Wednesday, December 09, 2009

What to do with Myself

I am pretty bored but my eyes want to shut a lot. (sleepy) I think the stress of the last few weeks is working its way out of my body.
I sleep so peaceful with sweet dreams.
I think I must have needed all this sleep or I would not be doing it.After noons I make dinner and clean the kitchen and I am sewing on my quilt top blocks.
So I am not idle. Hungry though!!! I am so hungry lately. I am eating way too much, I better have that thyroid checked, It may be giving me problems. Three pound gain this week and it has barely started. Yikes, I cant do that. Weight gains affect my blood sugar. It will all stabilize soon, I am sure. (IT BETTER)
David is doing good. He was not in good spirits last night. Not sure why but he was sort of grouchy.
When we went to bed, he said he felt anxious. I knew he did because of his curt answers to me, He is not like that as a rule. Maybe he is just overwhelmed with these hospital and doctor bills.
Or maybe he is worried about the outcome of my biopsy. I have to say, I am not. Not concerned. I feel it is going to be OK.
Regardless It will be OK. Faith, that is faith. "Faith is the substance of things hoped for Evidence of things not seen"

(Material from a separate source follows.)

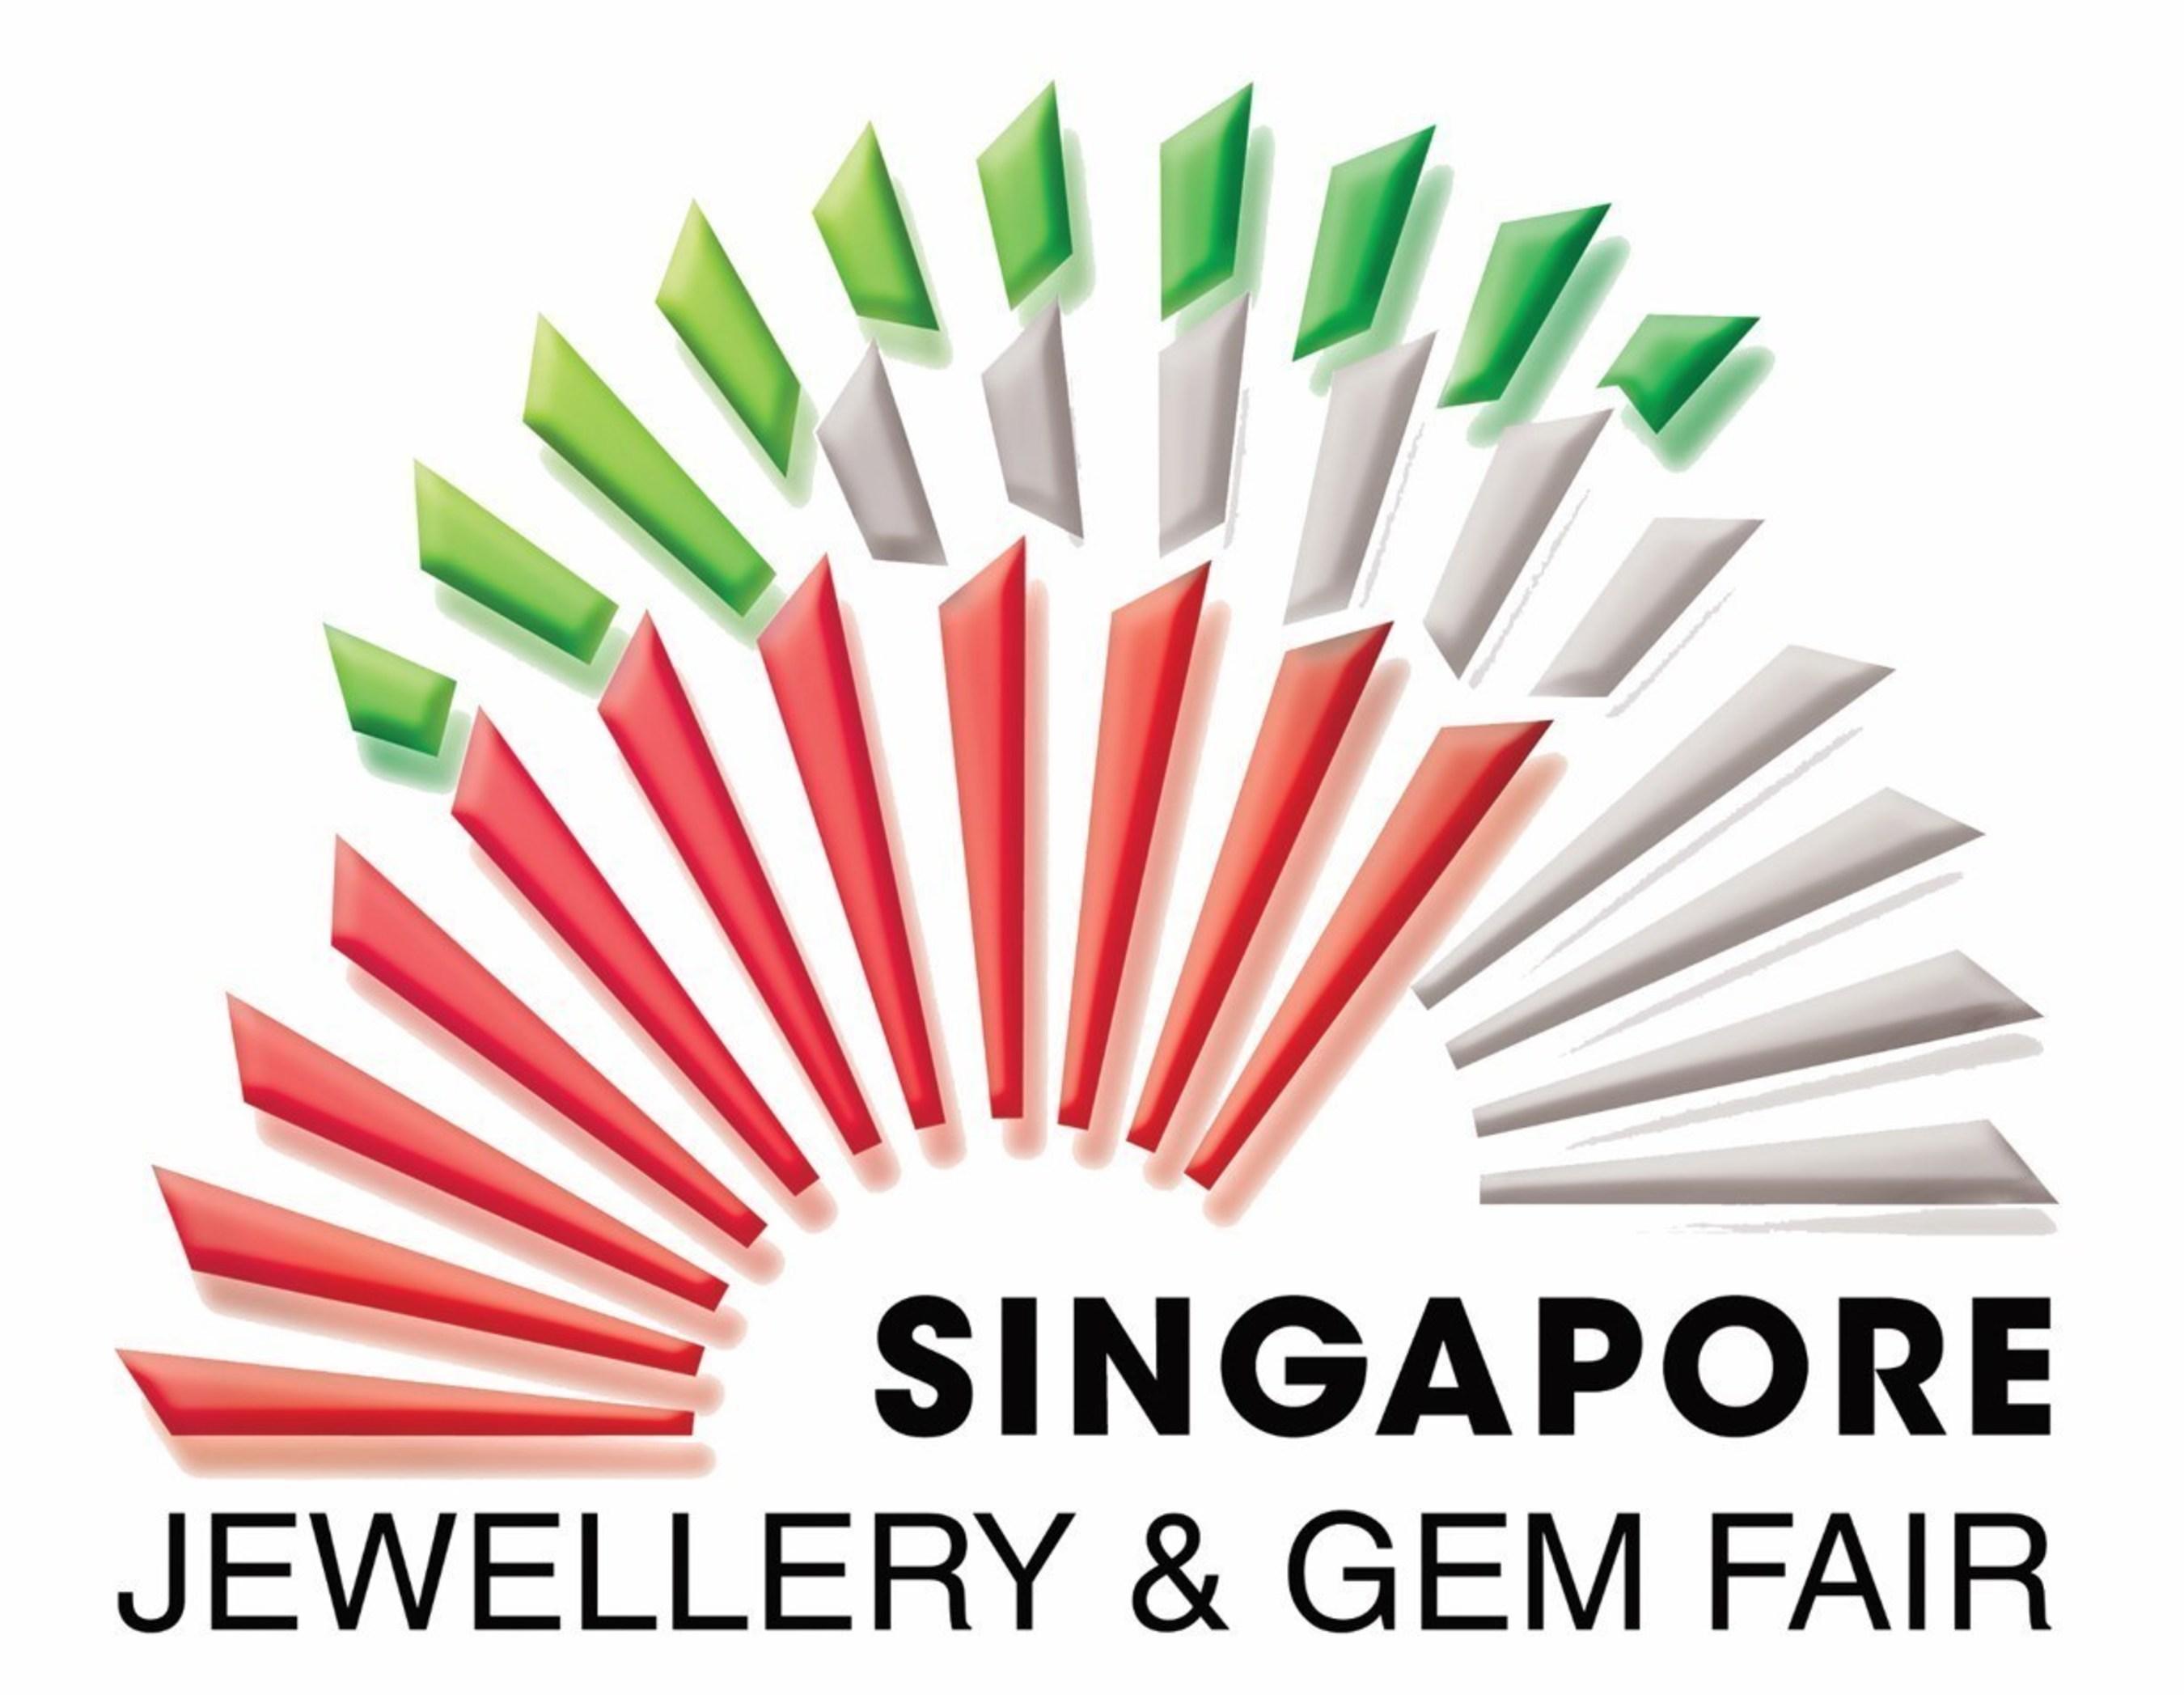 Singapore Jewellery & Gem Fair 2016 Logo

You do not always have to see it to know it is real. Like Air, it is real but you can't see it. Wind, it comes and goes, but it is not seen, only evidence of it.
So on to better things.
I see my ENT surgeon tomorrow, He will go over the lab results with me, In addition my neck feels fine. I seldom need anything for discomfort. It does hurt a little but I can live with that pain. Sort of like a sore throat that goes to my ears. The back of my neck on the left hurts the worse. Not sure why that is.

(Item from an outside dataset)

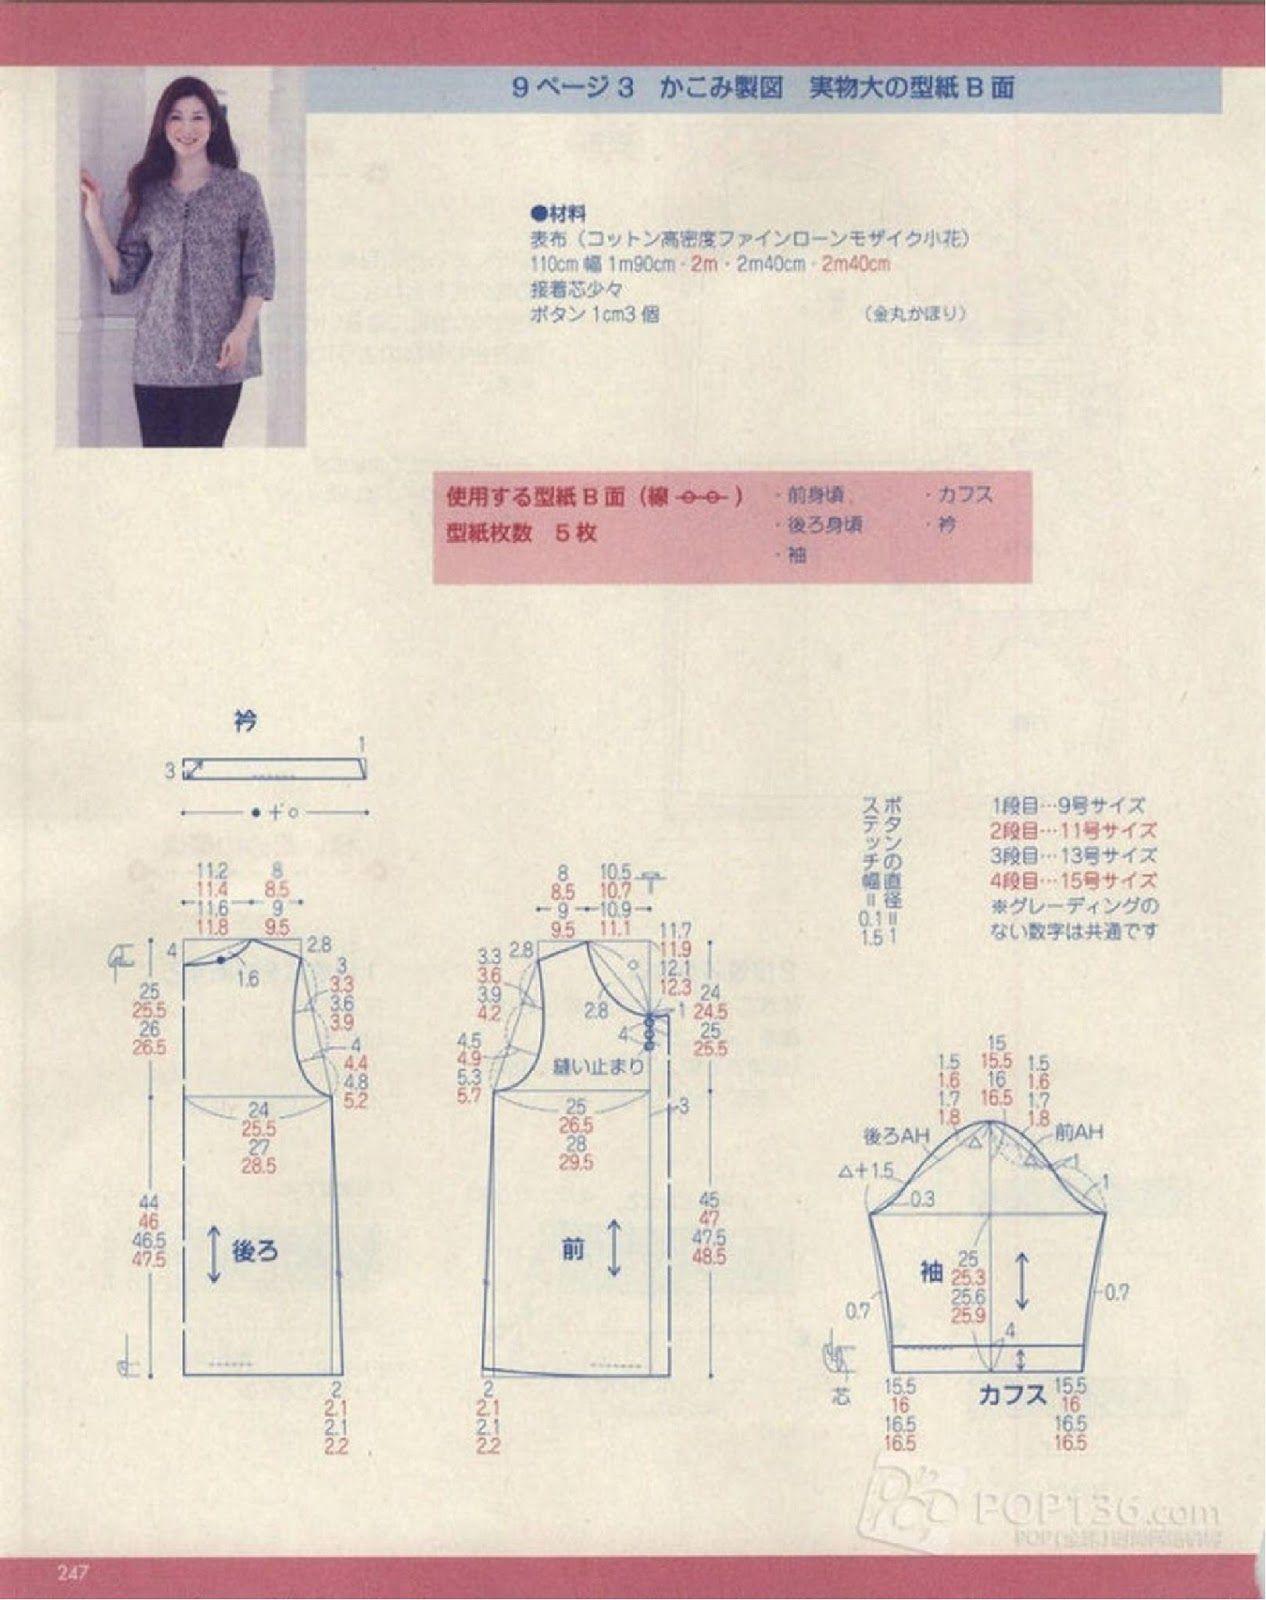 Pin de Norma Romero en reglas p moldes | Pinterest | Costura ...

Anyone have good ideas as to what we should do on Christmas? We are at a loss. We do not even feel like it is Christmas, No presents to buy, no tree to decorate, (I would have to undecorated it) No little ones to hug, Maybe we can go to the shelter and serve. I would love that. I take food there all time, but maybe I can help out more this time, Maybe bake a dozen or so pies.
Hummm sounds like a good plan.
They feed thousands of homeless or destitute people every holiday, in addition to the ones they feed on a daily basis.
So much to be Thankful for. So I best not have a pity party with no tree to put up.
That would be just too much work for me at this stage in my surgery.